Cunningham, at 6'3", tall for a 1950s guard—and to gild the lily, McGuire listed him at 6'4"—was the other starter. Just where were you, Bobby? "Sneakin'. Always sneakin' around," he says. "Lookin' after my children." He means the four more visible starters. Cunningham was the classic fifth man.
As a high school junior he scored more than 20 points a game and got 30 college offers. But, in November of his senior year, he took 100 stitches in his shooting hand when it went through a window. The doctors wanted to amputate his thumb right away, and would have but for the pleas of his father, an immigrant laborer from Ireland.
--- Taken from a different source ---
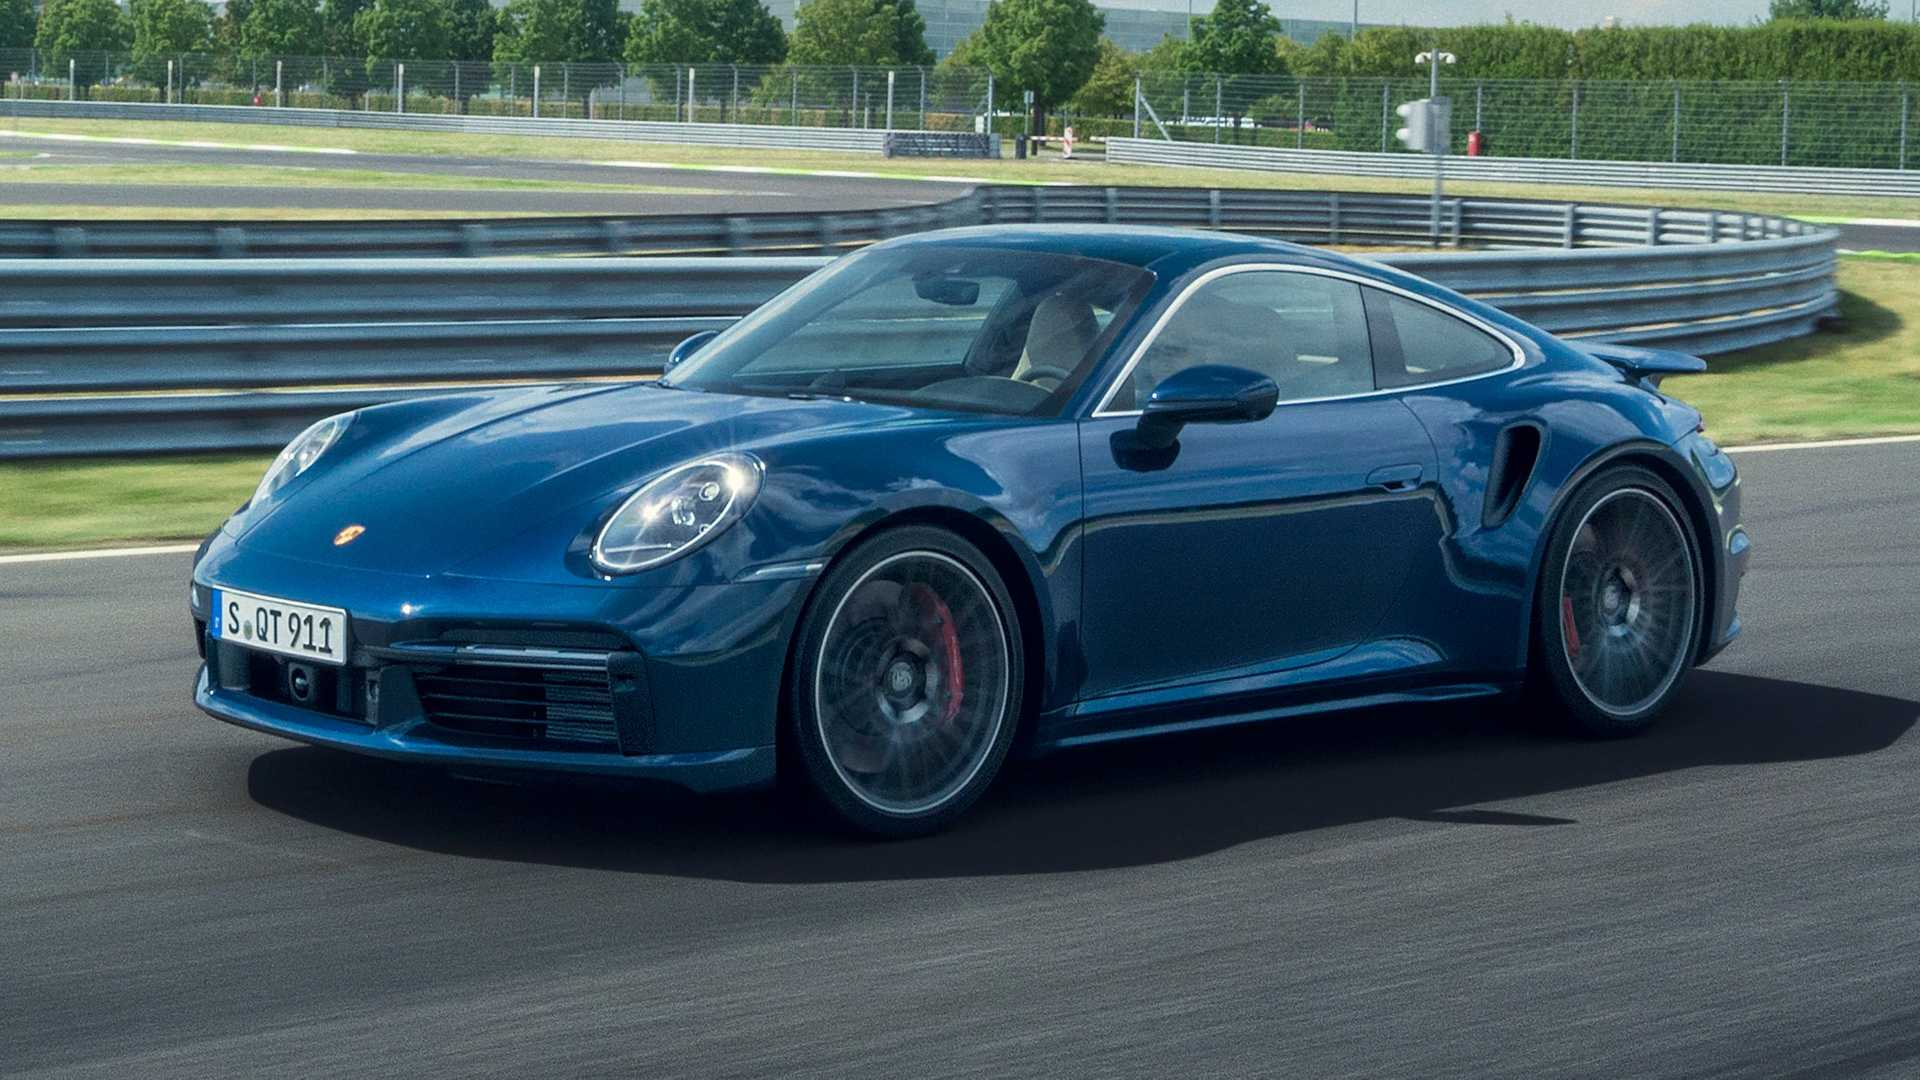 El Porsche 911 eléctrico no llegará hasta 2030, según la marca

So the thumb was salvaged, but only McGuire kept his promise of a scholarship, a display of loyalty that also had much to do with cementing Kearns's decision in favor of Chapel Hill.
His touch gone, Cunningham accepted the grubby tasks. "After where I came from and what I'd been through, I was just glad to be a part," he says. Even Rosenbluth, the big name, the big scorer, says that Cunningham, the least renowned, was "the key." But they all had to give up something. Rosenbluth would take himself out of the flow and let his teammates score more if he was double-teamed.
But none of the others ever resented sending the ball in to Lennie, because they'd never seen a man who could shoot as he could—spinning layups, hooks, turnaround jumpers. Three of the other four starters—Kearns, Cunningham and Brennan—all proudly, distinctly recall being the one who threw the pass to Rosenbluth when he scored his most extraordinary basket, a 14-foot hook shot, in traffic, against Wake in the ACC tournament, in the final minute, down a point. Kearns, although the cockiest of the lot, probably had the most difficult time adjusting, both to the team and to "the foreign country down there." As popular and smooth as he was, Kearns was more of a loner than his classmates on the team, and would have left Carolina as a freshman except that his father, a cop and a Coast Guardsman, wouldn't brook that kind of move. "I had real culture shock," Kearns says. "I mean, trees! And I'd be walking around the campus, and all of a sudden everybody is saying hello to me: Hi, how you? I kept thinking, what do they want out of me? What's the con?"
But Kearns found new friends, joined a fraternity in which he was the only member from north of the Mason-Dixon, fell in love with a bank president's daughter over at Duke (McGuire feared Kearns would give away team secrets between kisses) and at last acclimated himself to that strange existence beyond the subways.
It may seem odd, perhaps, that it was the playmaker and the leading scorer, the two who started and ended most of the action, who were the two most distant individuals on the team. But interpersonal dynamics are often overrated. They were Noo Yawk when it mattered. As Rosenbluth, the captain, the old man, remembers, "we got so close on the court that we got to know exactly what everybody else was doing—and we were freelance, too. For example, I knew that if Pete put the ball on the floor, it was going up."
But certainly, everybody rooting for the Tar Heels had fallen in love with them. Even the most devout Catholics could see some advantages in that. McGuire received this advice from a bishop: "I know you're making a lot of converts down South, but tell the boys not to bless themselves on the free-throw line unless they're sure they can make the shot." Coincidence or not, the roughest games tended to be against Wake, where anti-Semitic remarks had been directed from the stands against Rosenbluth. Carolina played Wake four times that season and beat the Deacons each time. But each game was tight, and when Rosenbluth won the last one with his miraculous hook, McGuire was moved to observe, "The Catholics and the Baptists were having a helluva battle, until the Jew took over and broke it up."
And the Tar Heels were good public relations for the state. To have Carolina associated with urbane, ethnic New York was hardly all bad, especially since New York was the limited partner in this endeavor. In a way, you could say that with McGuire's team, the Sun Belt, as we know it, began its transmutation—visibly, anyway—from the Bible Belt. Lennie Rosenbluth was this century's Virginia Dare.
Even if you never thought about it in quite those terms before, Carolina moved onto the Final Four at 30-0, 31-0 counting the lidlifter over the McCrary Eagles, which some people still did. Unfortunately, if the Tar Heels got past Michigan State in the semis, their opponent in the championship game would surely be Kansas and Chamberlain, and they would have to face them in the Jayhawks' home territory, in Kansas City. As the Tar Heels' play-by-play announcer, Ray Reeve, was to say over the radio from K.C.: "Nobody's given them a Chinaman's chance."